Automobile Faszination und Hightech auf höchstem Niveau: Dafür steht der neue Mercedes-Benz SLS AMG, der am 15. September 2009 auf der Internationalen Automobilausstellung (IAA) in Frankfurt/Main seine Weltpremiere feiert. Der Supersportwagen begeistert mit puristischem Design, konsequentem Leichtbau und überlegener Fahrdynamik. Gleichzeitig erfüllt der SLS alle Erwartungen an die Mercedes- typisch hohe Alltagstauglichkeit und vorbildliche Sicherheit. Damit ist der neue Flügeltürer die ideale Synthese aus den Stärken von Mercedes-Benz und AMG.
Der neue Supersportwagen von Mercedes-Benz und AMG fasziniert mit seinem einzigartigen Technologie-Paket: Aluminium-Spaceframe-Karosserie mit Flügeltüren, AMG 6,3-Liter-V8-Frontmittelmotor (M159) mit 571 PS Höchstleistung, 650 NM Drehmoment und Trockensumpfschmierung, Siebengang-Doppelkupplungsgetriebe in Transaxle-Anordnung, Sportfahrwerk mit Aluminium-Doppelquerlenkerachsen und 1620 Kilogramm Leergewicht nach DIN-Norm – diese Kombination garantiert Fahrdynamik auf höchstem Niveau.
Die ideale Gewichtsverteilung von 47 zu 53 Prozent zwischen Vorder- und Hinterachse und der tiefe Fahrzeugschwerpunkt betonen das ausgeprägte Sportwagen-Konzept.

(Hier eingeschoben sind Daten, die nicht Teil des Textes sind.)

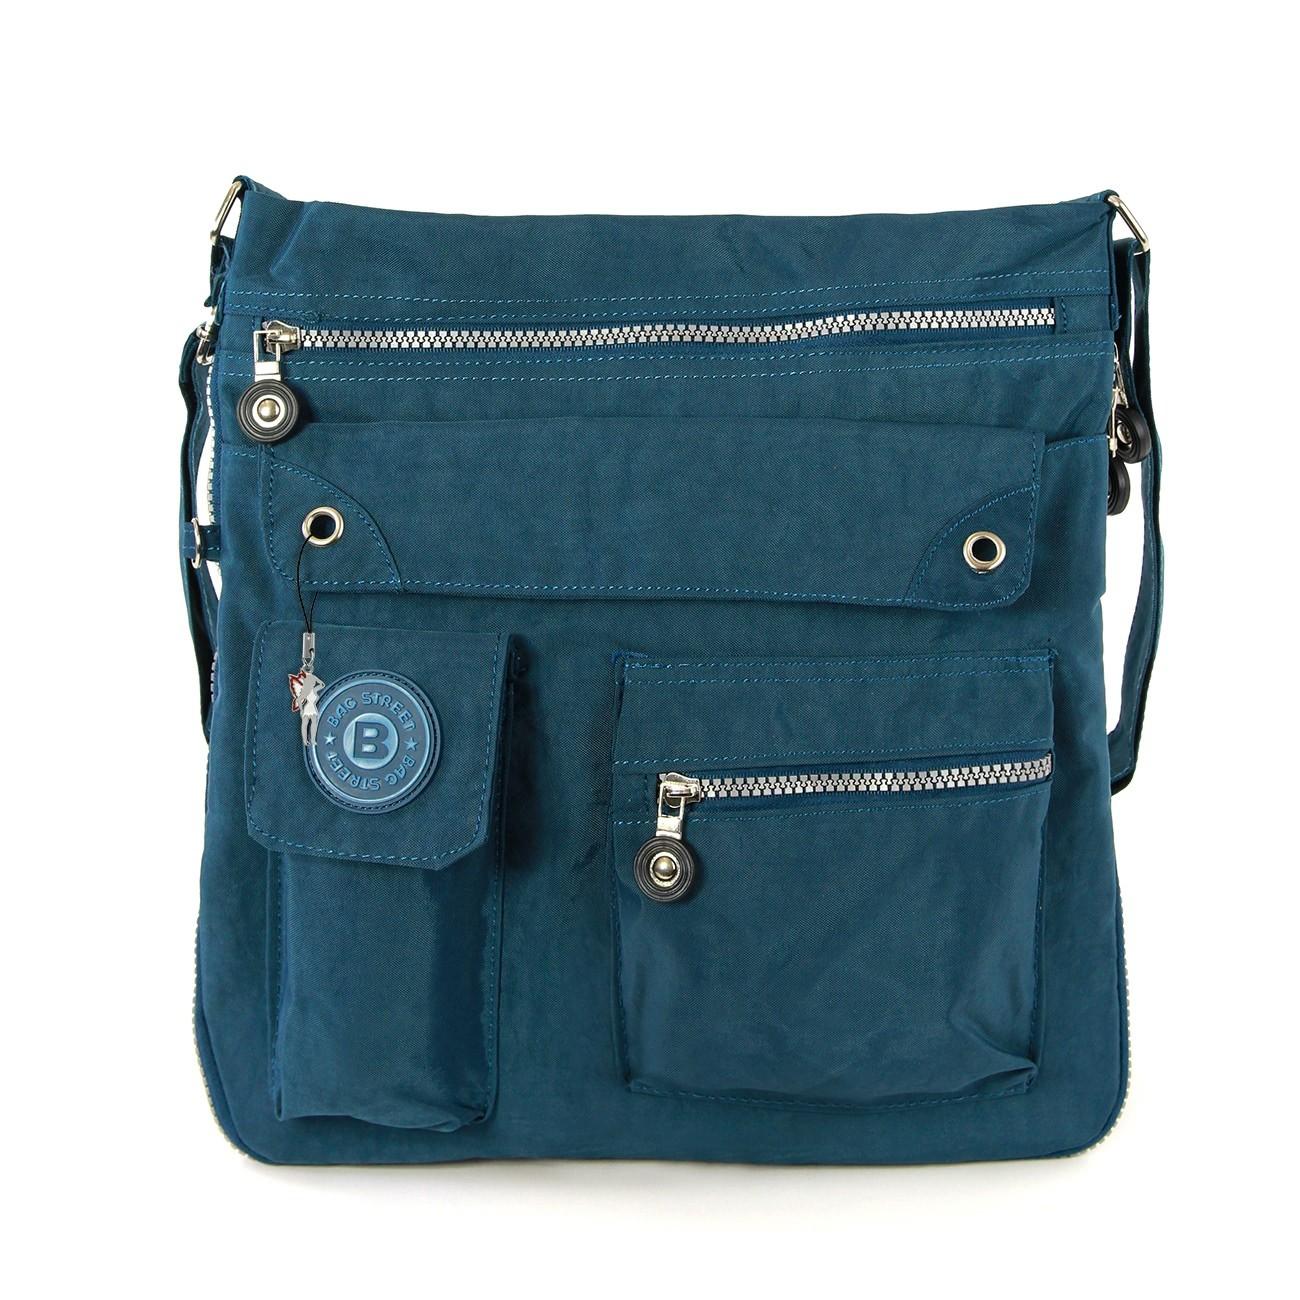 Umhängetasche Nylon blau Cross-Body Schultertasche Bag Street OTJ206T

Von null auf 100 km/h beschleunigt der Flügeltürer in 3,8 Sekunden, die Höchstgeschwindigkeit beträgt elektronisch begrenzt 317 km/h. Der Kraftstoffverbrauch von 13,2 Litern je 100 Kilometer (kombiniert) rangiert an der Spitze im Wettbewerbsumfeld (alle Werte vorläufig).

Das markante Design des neuen Mercedes-Benz SLS AMG fasziniert durch seine leidenschaftliche Sportlichkeit und interpretiert die atemberaubende Formgebung des Mercedes-Benz 300 SL neu – eine der herausragenden Design-Ikonen der Marke Mercedes-Benz. Mit seinem puristischen Design spiegelt der neue SLS AMG die Lehre modernen Sportwagenbaus wider: Die knapp zwei Meter lange Motorhaube, das flache, weit hinten positionierte Greenhouse und das kurze Heck mit dem ausfahrbaren Heckflügel stehen ebenso für Dynamik wie der lange Radstand, die breite Spur und die großen Räder. Die kurzen Überhänge bestimmen die Proportionen genauso wie die Konzeption des Supersportwagens mit weit hinten und tief platziertem Frontmittelmotor und Doppelkupplungsgetriebe in Transaxle-Anordnung. Stilistisches Highlight sind zweifellos die Flügeltüren, die dem SLS AMG ein unvergleichliches Charisma verleihen – und ein einzigartiges Statement in diesem Fahrzeugsegment darstellen.
Nicht nur die Flügeltüren liefern eine Reminiszenz an den Mercedes-Benz 300 SL, auch der charakteristisch breite Kühlergrill mit dem großen Mercedes-Stern und der flügelförmigen Querfinne erinnert an das Gesicht der Sportwagen-Legende. Die dreidimensionale, skulpturelle Front mit der tief heruntergezogenen, gepfeilten und seitlich eingezogenen Frontschürze verleiht dem Flügeltürer einen kraftvollen Stand auf der Straße. Für Dominanz sorgen sechs große Kühllufteinlässe und die weit außen platzierten, vertikal ausgerichteten Scheinwerfer mit reizvollem Innenleben: Das zentrale BiXenon-Abblendlicht mit metallischem Flügelelement wird oben von zwei LED-Blinkern und unten vom LED-Tagfahrlicht eingerahmt.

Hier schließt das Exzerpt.